Под конец пути, преодолевая снежные заносы, Антон разогнал машину и врезался в рыхлый сугроб перед самой калиткой.
Тут же в облаке пара на мороз вышел профессор.
— Антон! Ну, что же вы так долго, дорогой мой?! — воскликнул он с укоризной. — Быстро к столу, быстро! Только вас и ждем.
— С Новым годом, Степан Михайлович!
Тепло гостиной ударило Антону в лицо, а там музыка из репродуктора, запахи табака и духов, переливы женского смеха и громкая путаница знакомых мужских голосов.
— Ну, Горин, наконец-то! Еще немного, и схлопотал бы ты у меня выговор с занесением, — пошутил Валентин, подтягивая галстук.
Видимо, по роду своей должности — секретаря партийной организации факультета — он всегда шутил с серьезным выражением лица.
— Степан Михайлович не начинает, пока нет полного состава, — продолжил он. — Вот мы и курим тут битый час.
Появился Сомов, с улыбкой и ожидаемым вопросом:
— Где шампанское?
— Здесь, в портфеле. Да, Серега, его можно охладить! У профессора в машине тепло как в бане.
— Некогда уже охлаждать. Есть хотим!
— О, «Цимлянское», — воскликнула Верочка. — Обожаю шипучие вина.
За ней подтянулись остальные.
— Антон, привет! Долго едешь.
— Зима, заносы.
— Гриша, налей ему водки с морозу.
— Говорит, не замерз.
— Все, молодые люди, за стол, за стол! — приказал профессор, потирая руки.
Ему было за семьдесят, но по внешнему виду никто не давал и шестидесяти пяти. Жизнерадостный, веселый человек, действительно считал себя молодым, и это всегда ощущали его бывшие ученики, а теперь коллеги.
В этот Новый год Степан Михайлович Кротов настойчиво собрал всех у себя на даче, так как был еще один повод — присуждение ему Сталинской премии за многолетний труд и достижения в советской исторической науке. С официальными лицами уже отмечено: подарки получены, поздравления отслушаны, завистливые взгляды отпарированы. Так что теперь пришло время отпраздновать душевно и по-простому, с друзьями и молодежью, которая чувствовала себя абсолютно комфортно рядом с семидесятилетним профессором и его близкими.

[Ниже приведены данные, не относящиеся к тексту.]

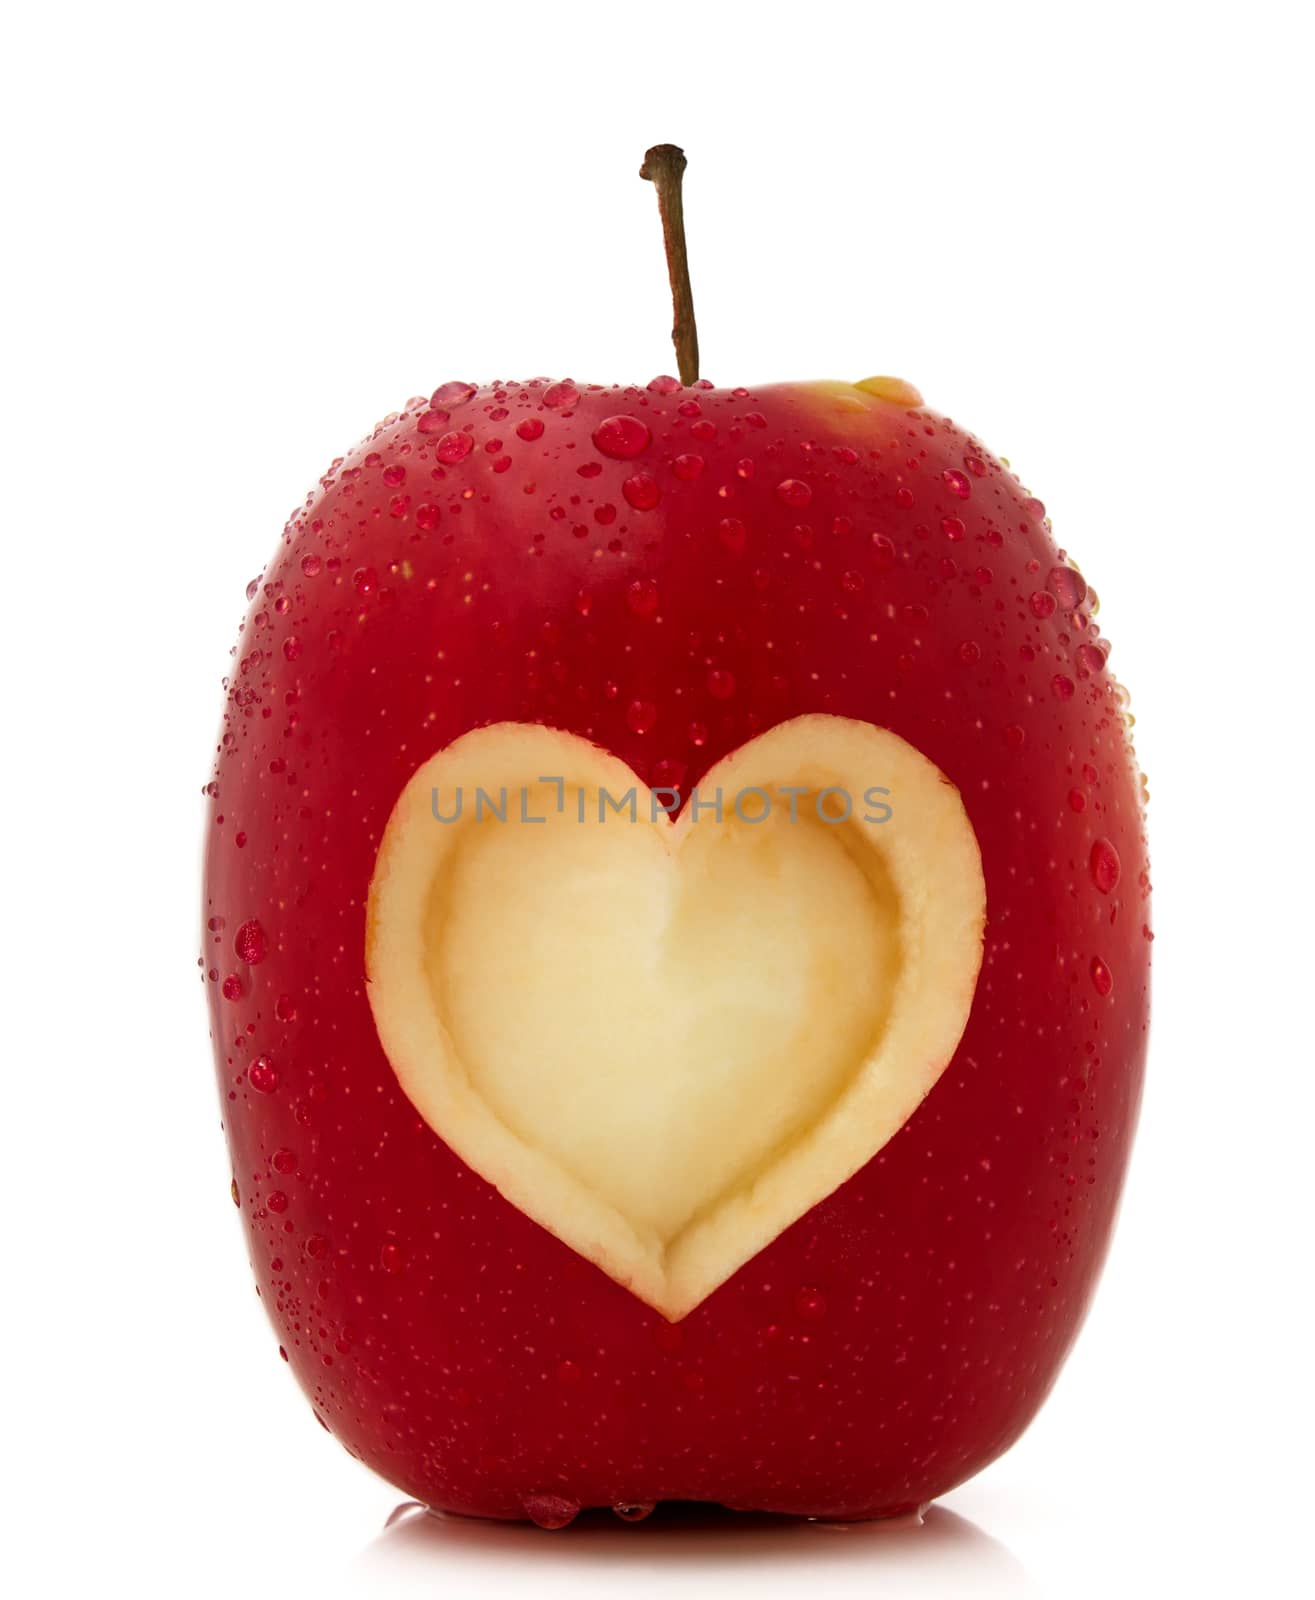 Apple with heart shape by Venakr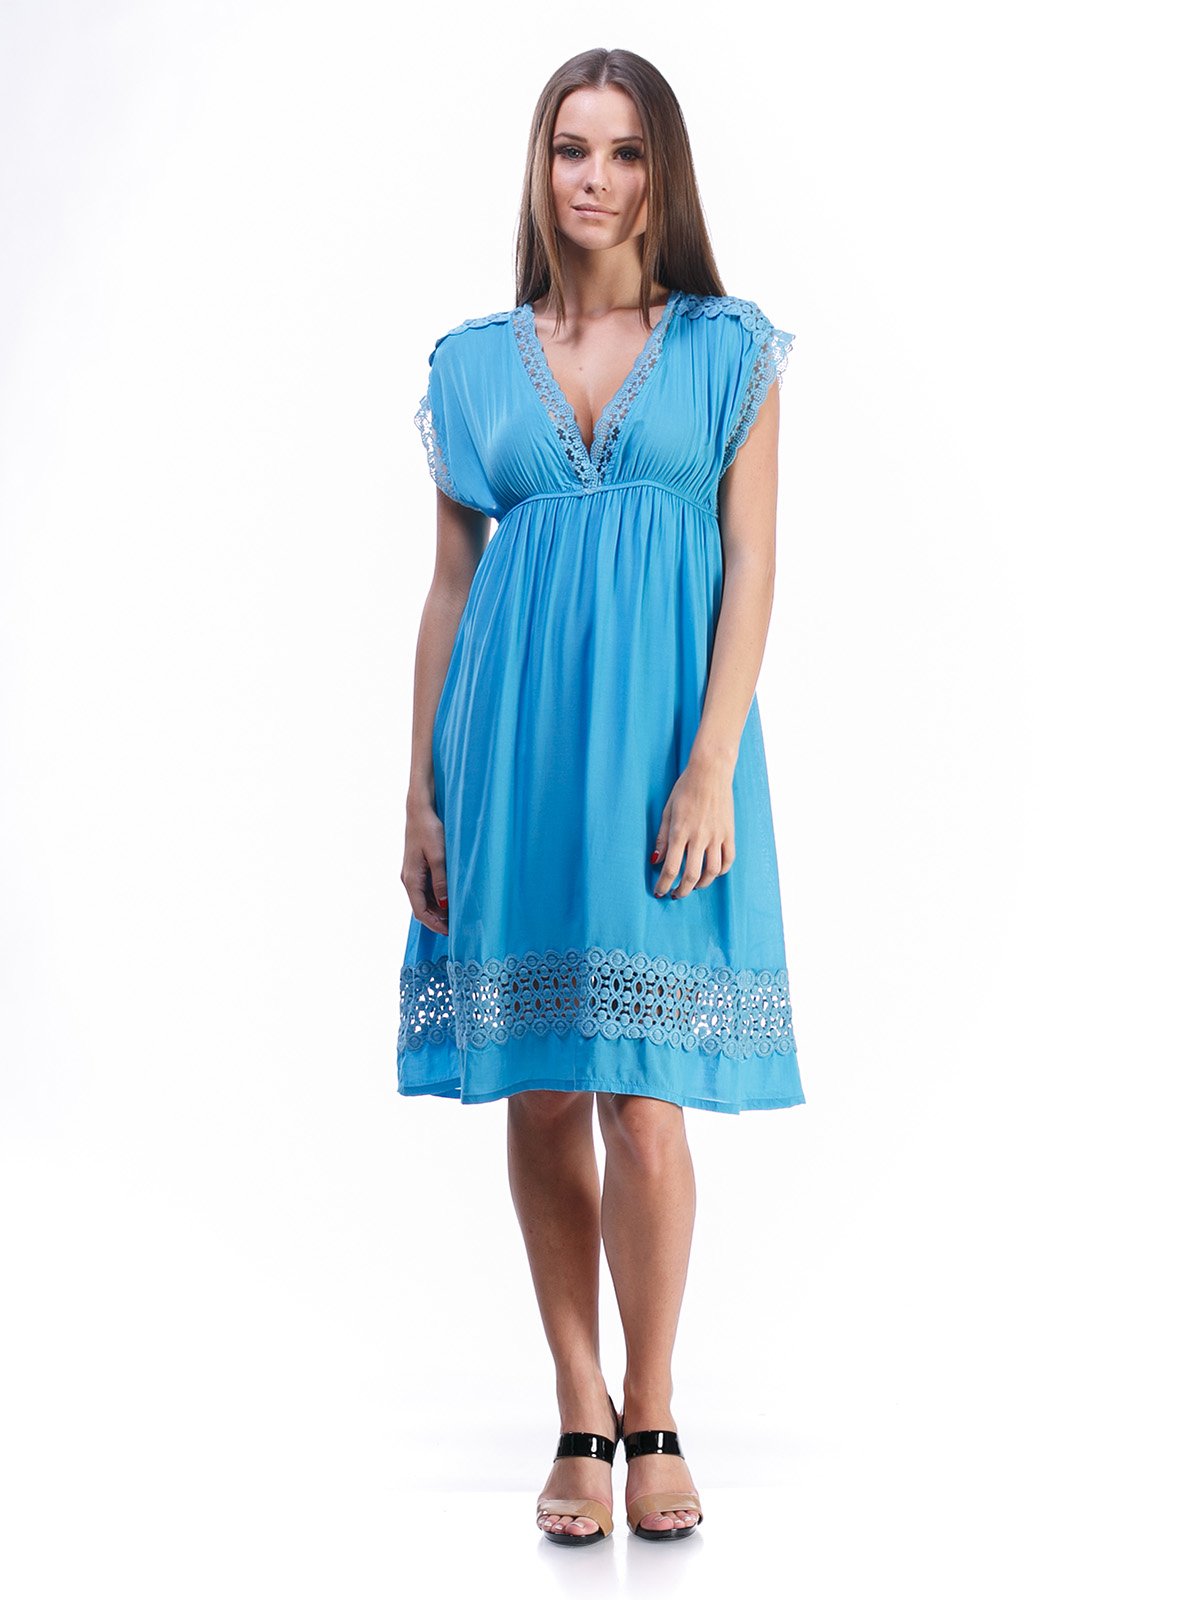 Платье голубое с кружевной отделкой и завязкой | 492894

Вокруг большого овального стола задвигались стулья.
Под покровительством огромного розового абажура над блюдами с яствами, словно известная башня над Парижем, возвышался граненый запотевший графин. В центре расположился подрумяненный поросенок, вокруг приютились лосось, сазан и балтийские шпроты, тонко нарезанная буженина, заморские оливки, блюдо с вареным картофелем да блестящие соленые огурчики, с которых невозможно было не перевести взгляд обратно на графин. Среди всего этого изобилия тут и там торчали темно-зеленые шпили бутылок. Серебряной фольгой блестело «Шампанское», черным гранитом переливалось грузинское № 20, рубином искрилось молдавское «Абрау-каберне», а между халвой и мандаринами притулился неприглядный на вид, но знаменитый сорокапятиградусный марочный КВВК, выдержанный в нескончаемых горных подземельях далекой Армении.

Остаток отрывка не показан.